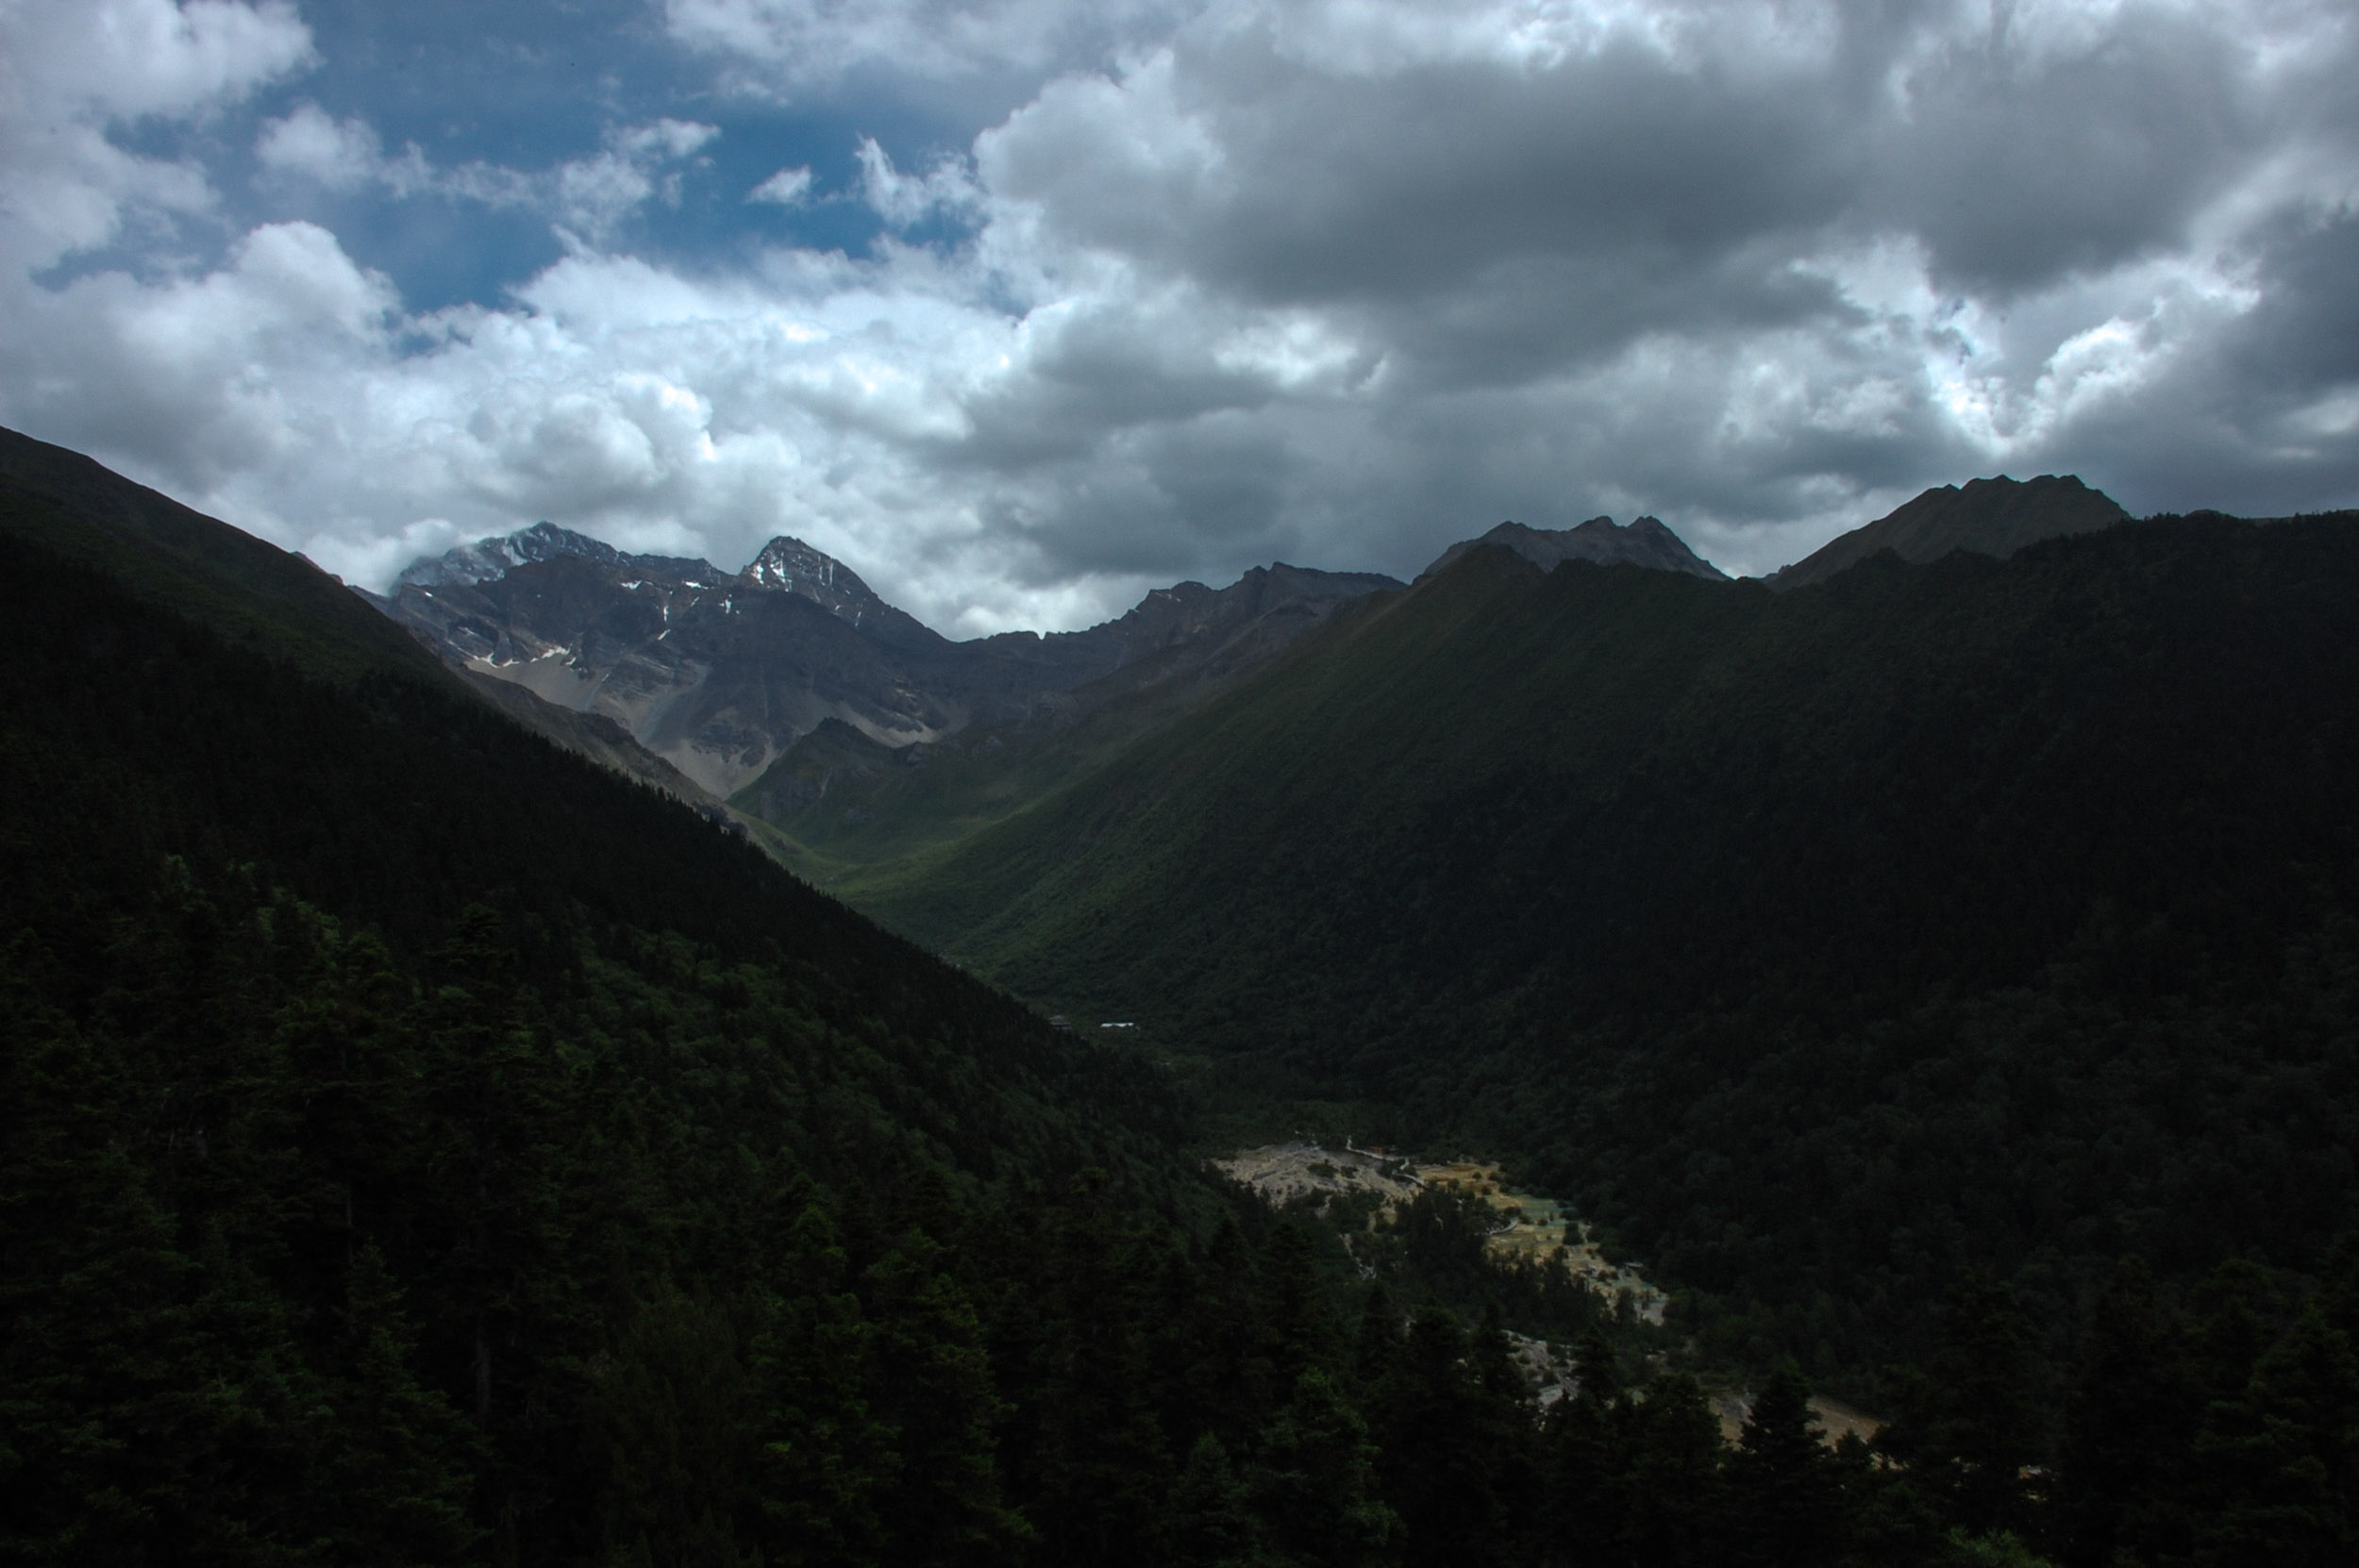 黄竜風景区の全景
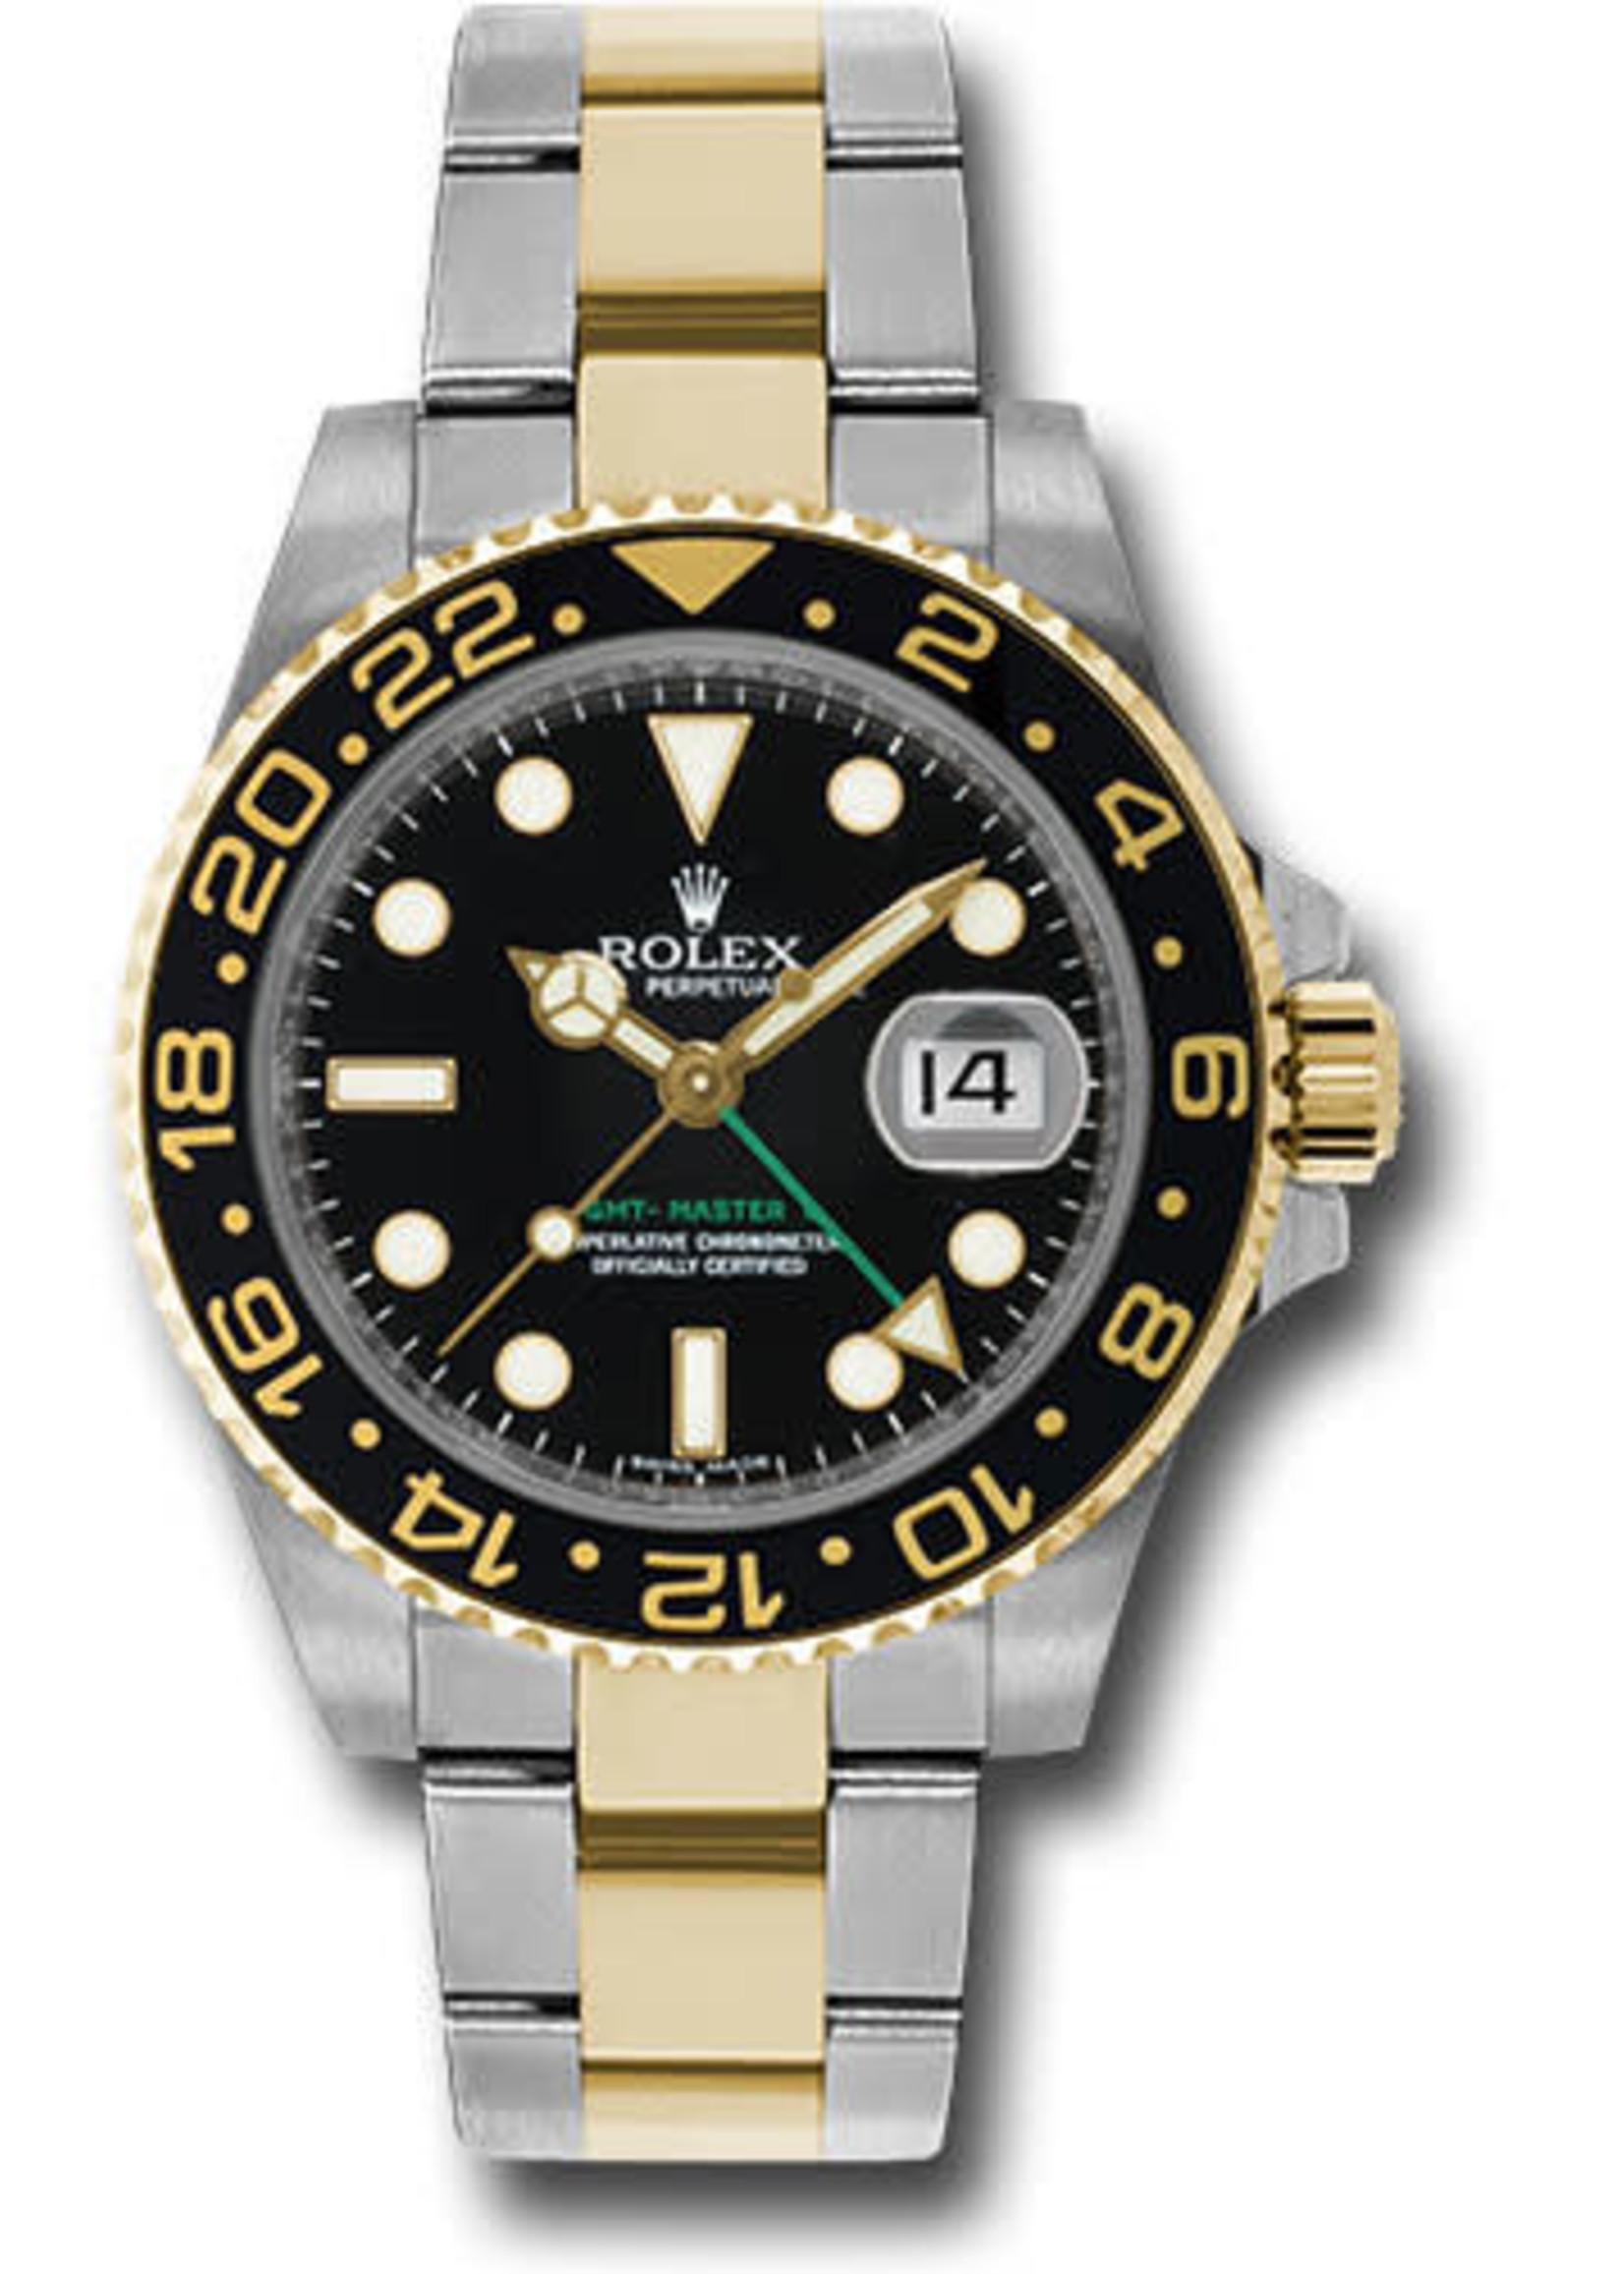 Rolex Watches ROLEX GMT-MASTER II 40MM (2017 B+P) #116713LN
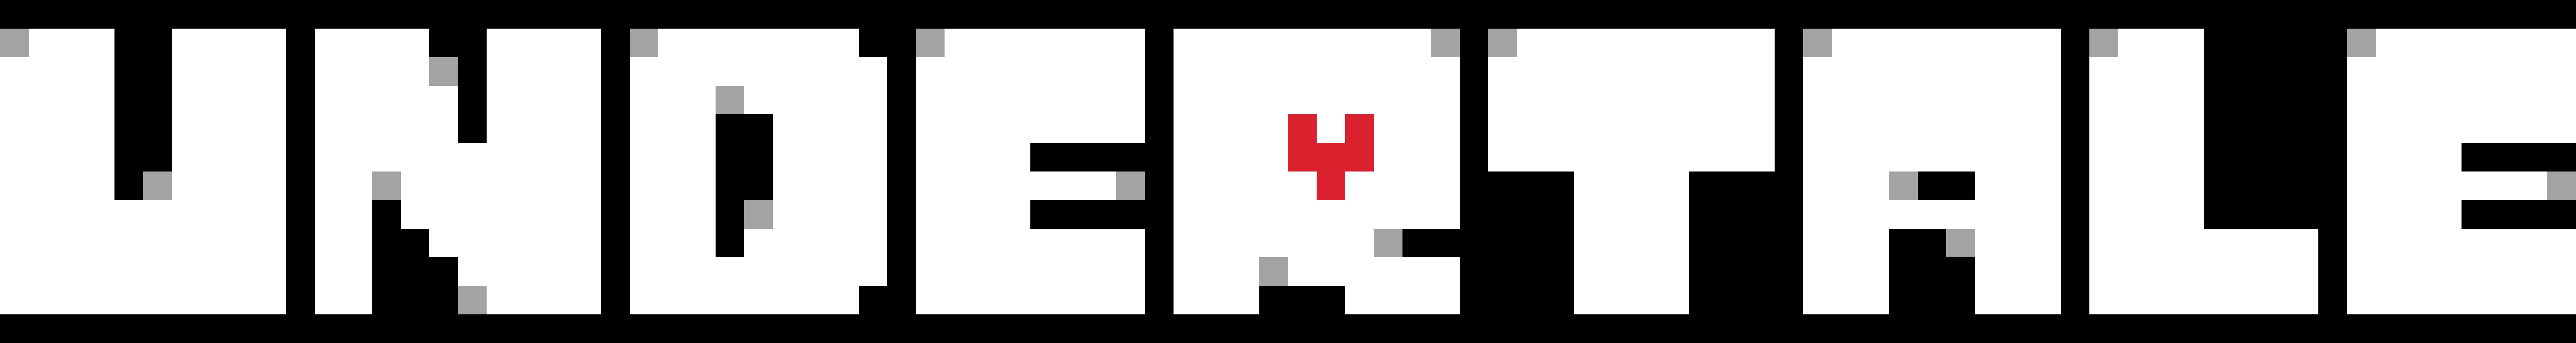 Undertale Logo - LogoDix

++++++++++

■ **WHAT YOU ARE ASKED TO DO**: Leave out the pictures and set down all of the data exactly.

■ **RESPONSE TO THE EXERCISE**:
 黄竜風景区の全景
 Rolex Watches ROLEX GMT-MASTER II 40MM (2017 B+P) #116713LN
 Undertale Logo - LogoDix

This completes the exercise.